§ WORK TO COMPLETE:
Needed from the data below: every line from the one with "2016 Tour of" up to and including the one with "Tina pochette in brown perforated leather", repeated exactly and with nothing else.

§ PROVIDED DATA:

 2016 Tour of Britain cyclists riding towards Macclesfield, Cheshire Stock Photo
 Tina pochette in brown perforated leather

--

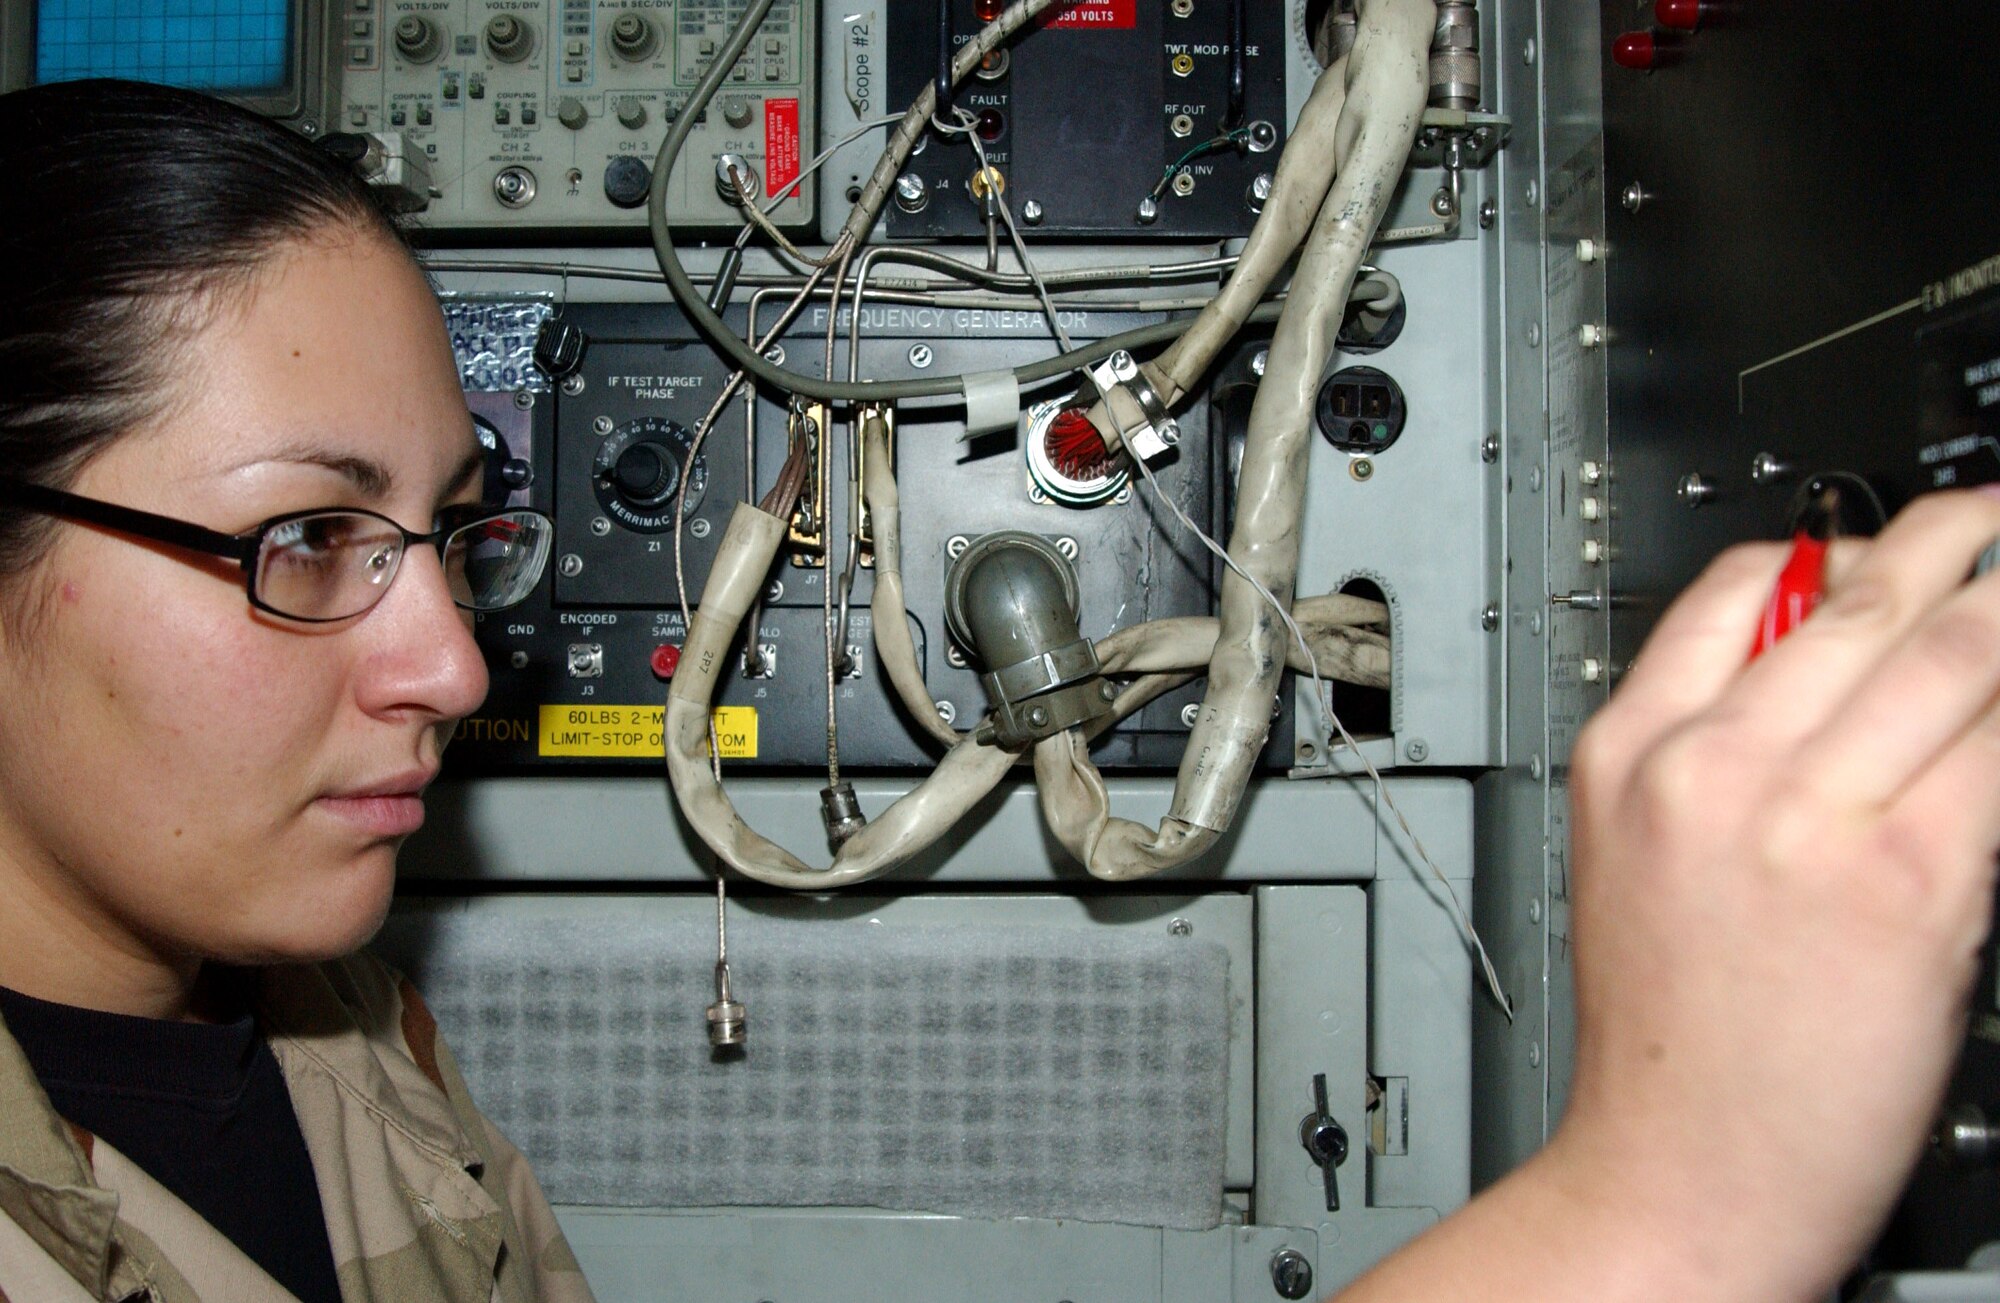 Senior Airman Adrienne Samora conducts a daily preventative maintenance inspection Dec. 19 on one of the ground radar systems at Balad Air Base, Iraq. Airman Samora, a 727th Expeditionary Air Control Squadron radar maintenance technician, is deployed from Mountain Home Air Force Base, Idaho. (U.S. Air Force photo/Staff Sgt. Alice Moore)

* * *

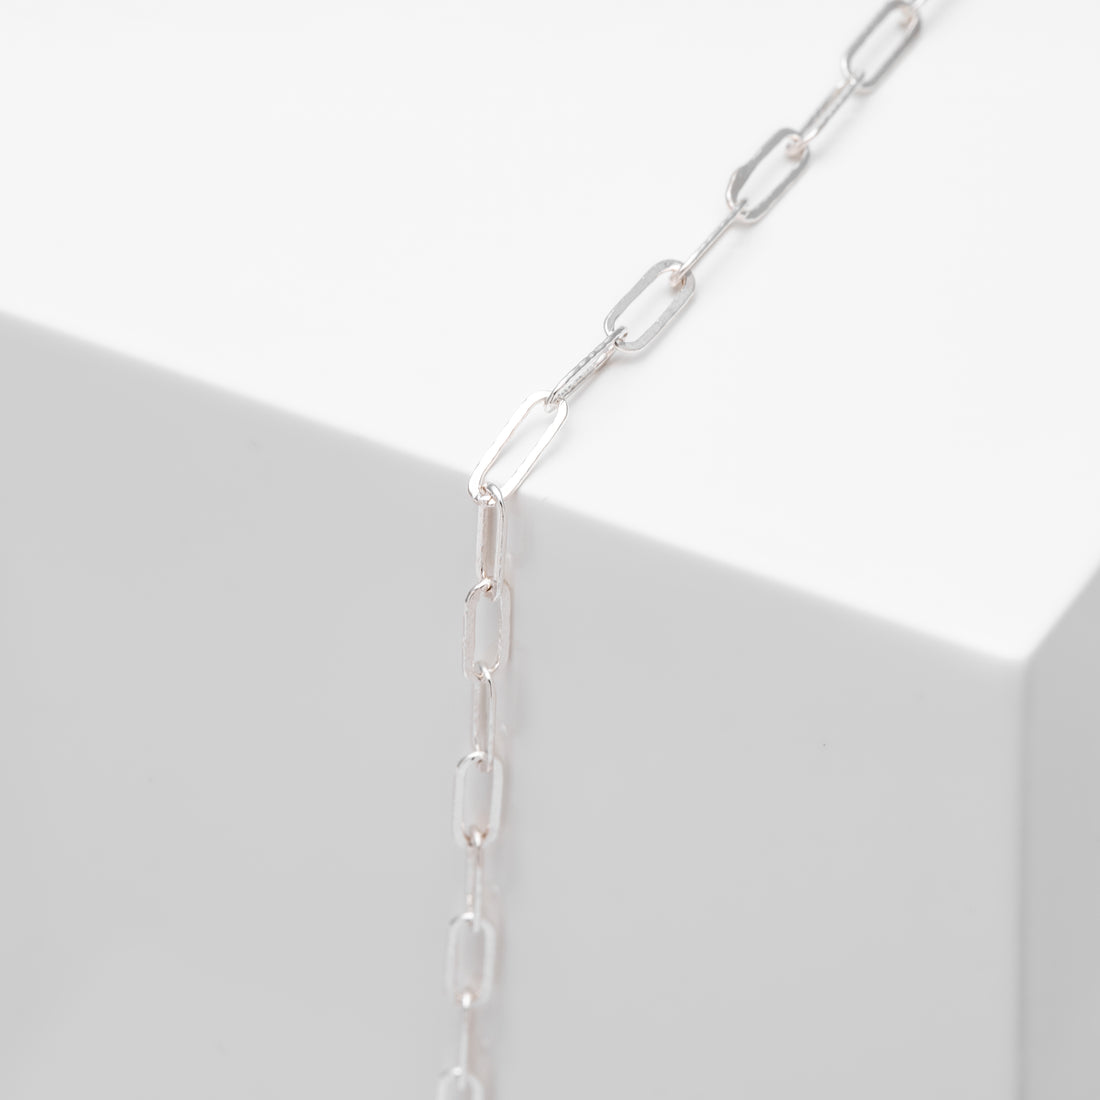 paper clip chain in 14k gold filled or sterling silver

§ ANSWER:
 2016 Tour of Britain cyclists riding towards Macclesfield, Cheshire Stock Photo
 Tina pochette in brown perforated leather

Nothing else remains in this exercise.